§ Excerpted records
--------------------------------------------------

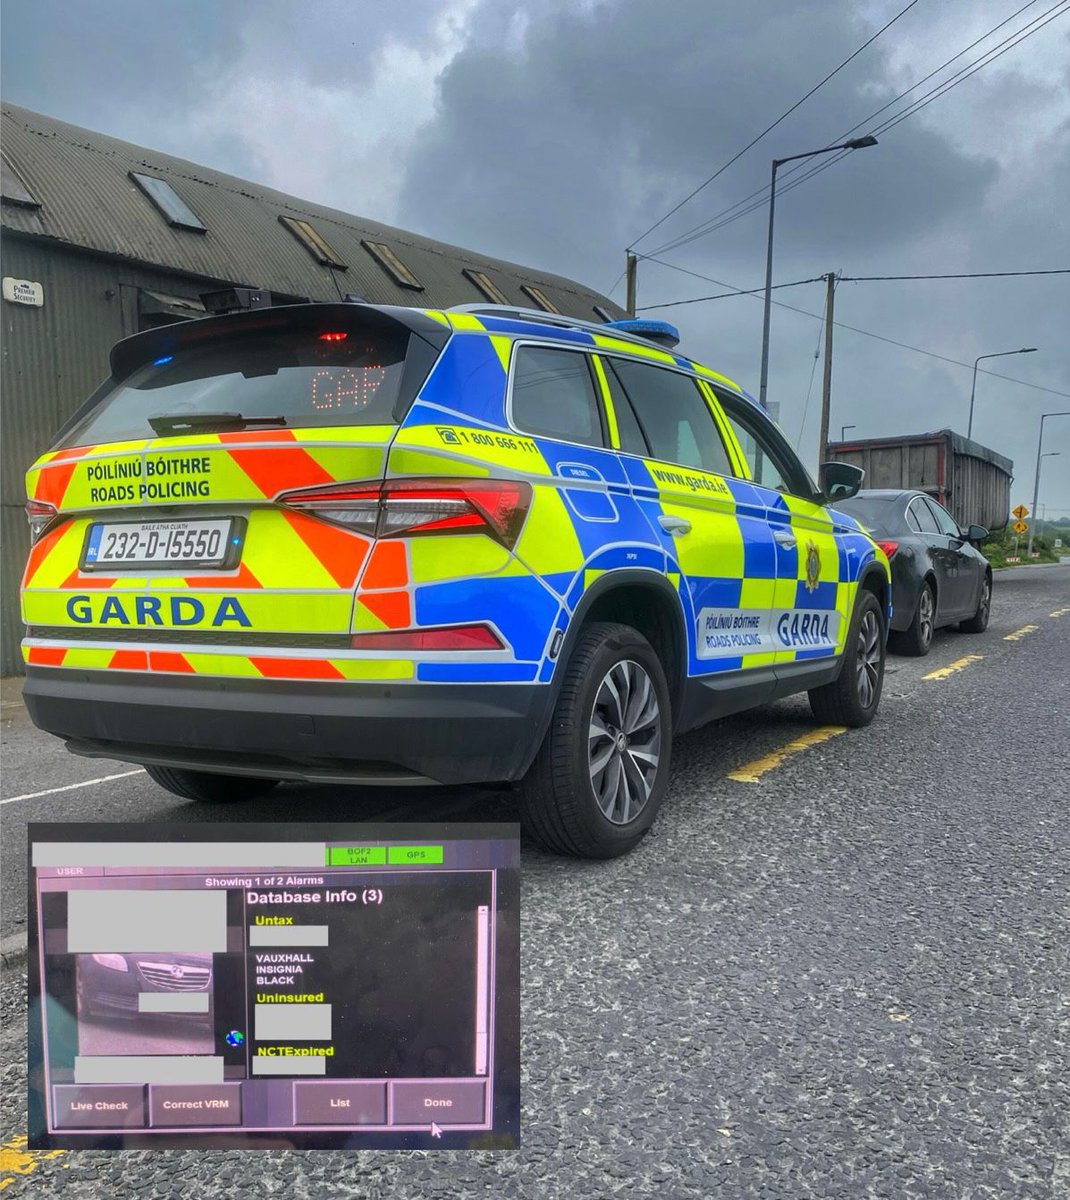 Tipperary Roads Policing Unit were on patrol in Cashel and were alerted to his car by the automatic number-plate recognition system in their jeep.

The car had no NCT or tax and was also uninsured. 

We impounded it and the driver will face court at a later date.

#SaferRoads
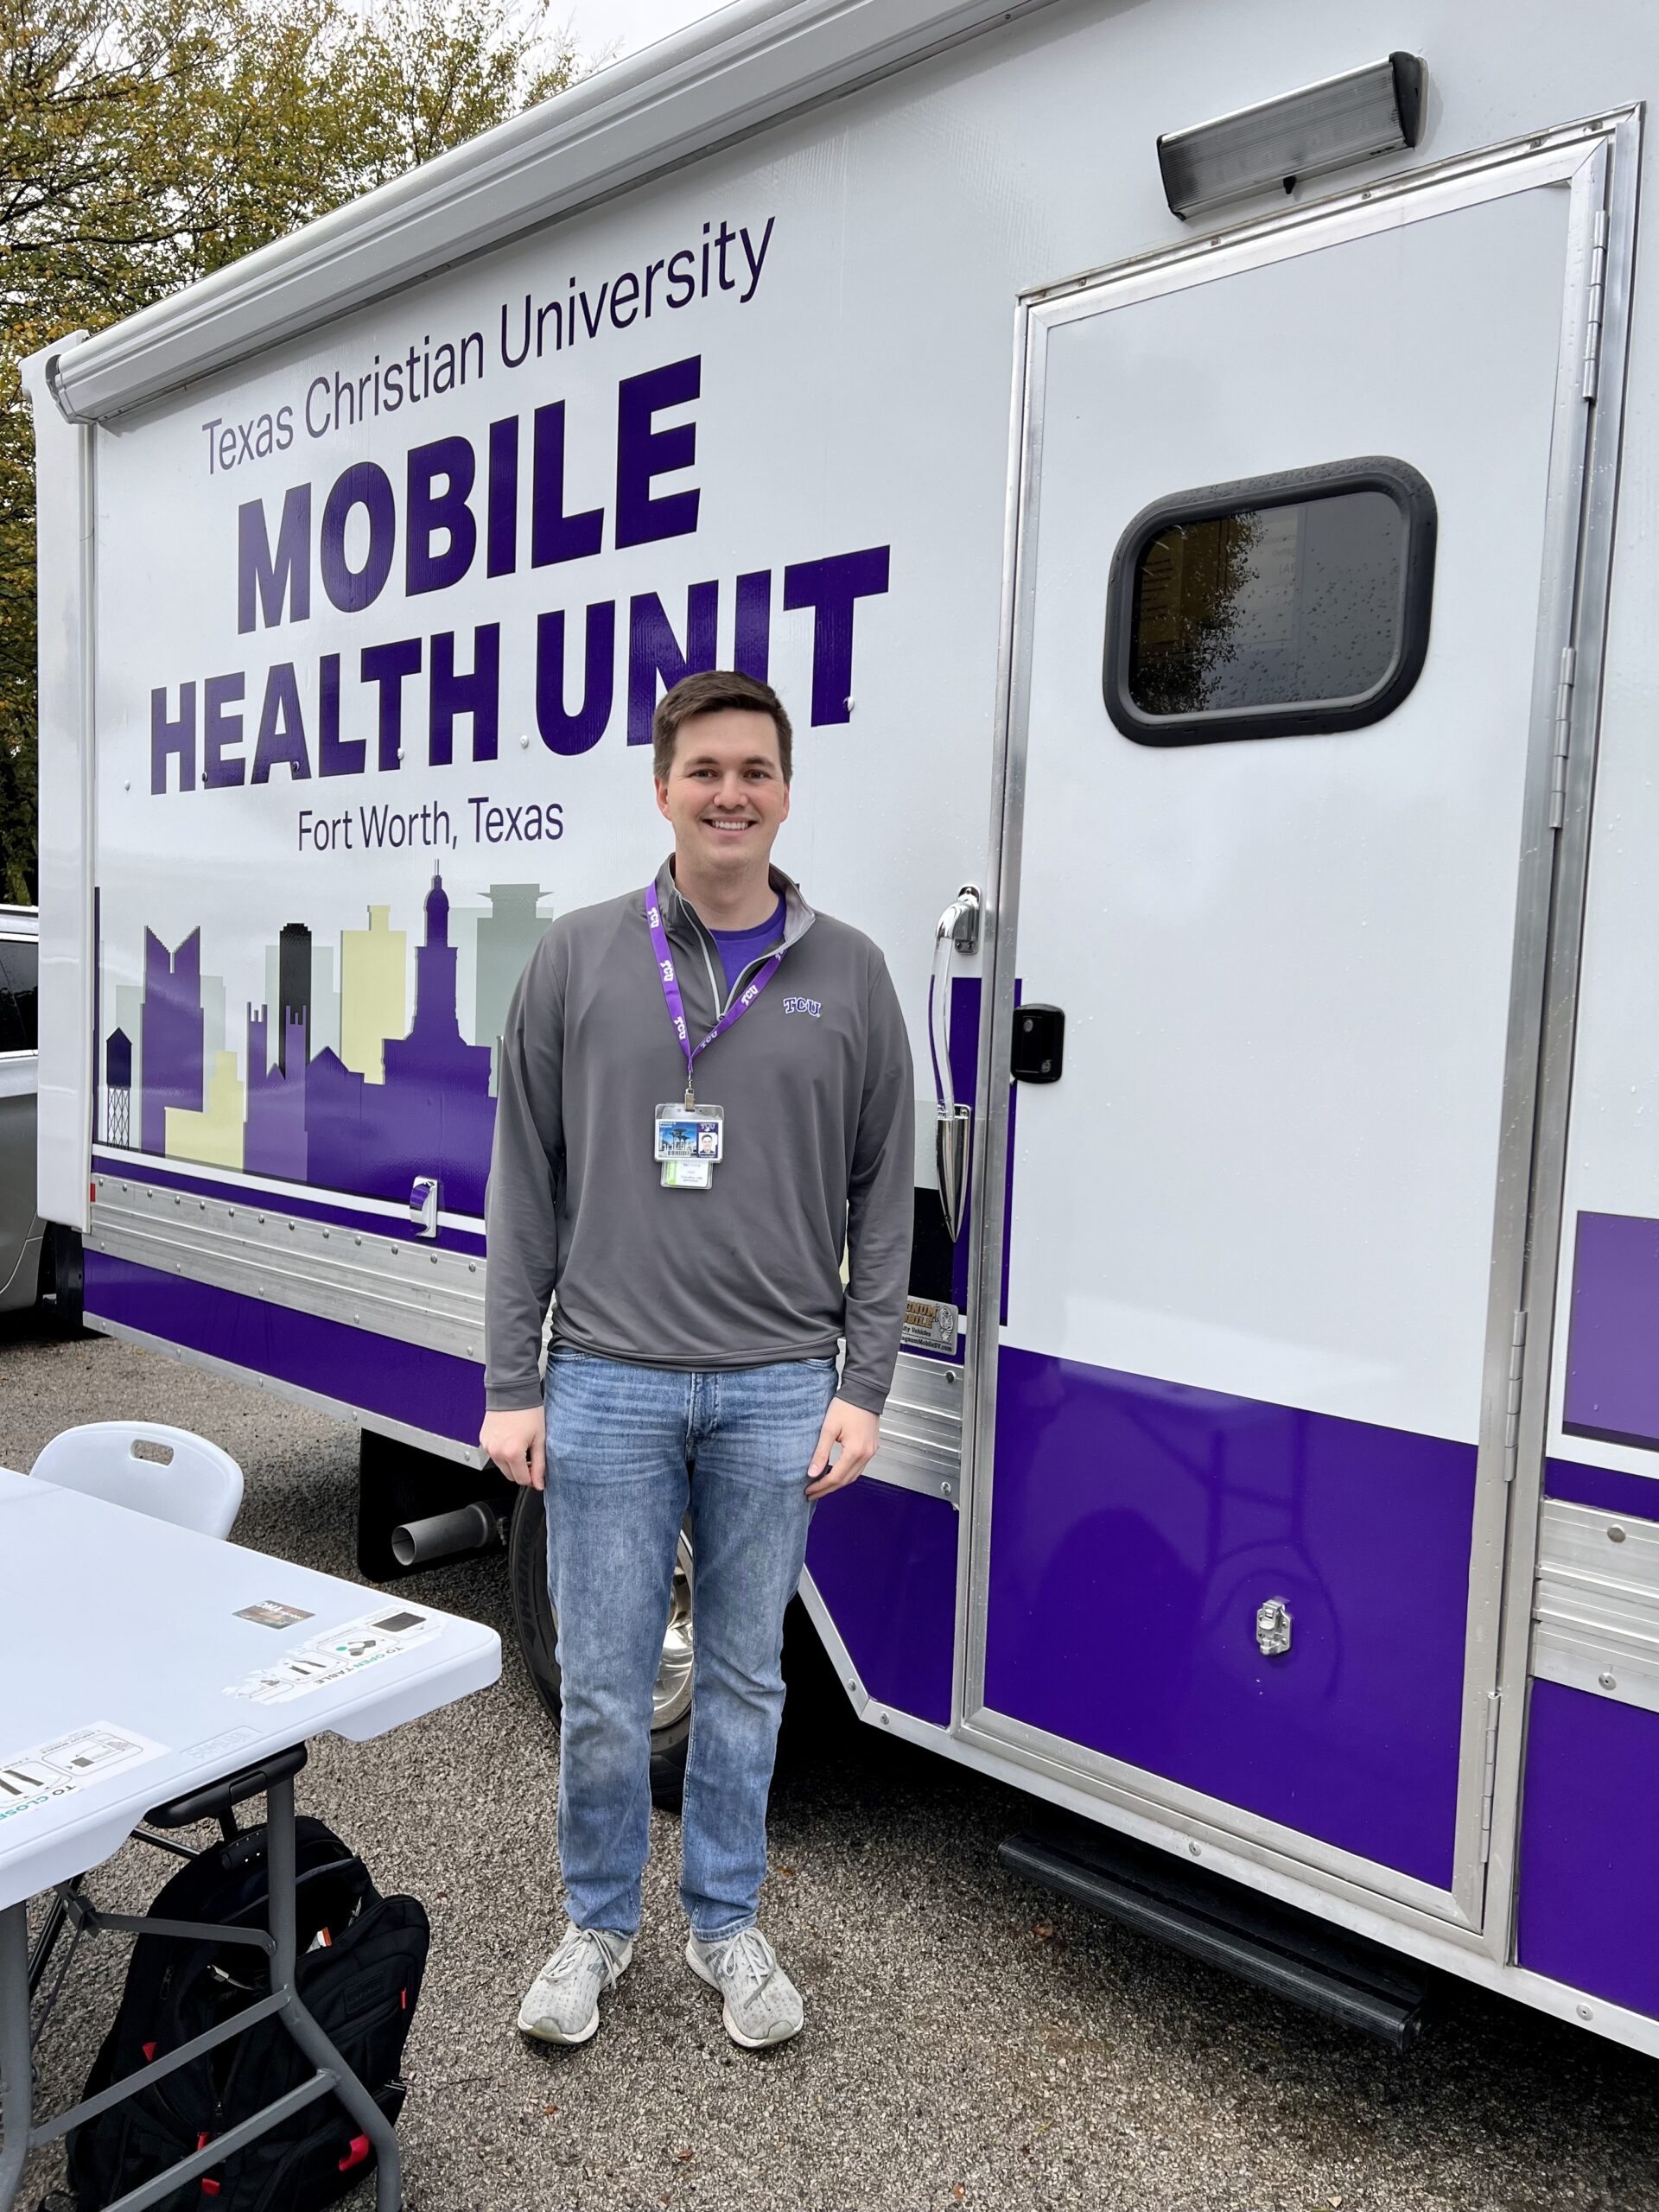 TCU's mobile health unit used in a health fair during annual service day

--------------------------------------------------

§ Problem
Could the lines from the first entry through the line that contains "#SaferRoads" be copied exactly, with all pictures left out?

§ Task answer
 Tipperary Roads Policing Unit were on patrol in Cashel and were alerted to his car by the automatic number-plate recognition system in their jeep.

The car had no NCT or tax and was also uninsured. 

We impounded it and the driver will face court at a later date.

#SaferRoads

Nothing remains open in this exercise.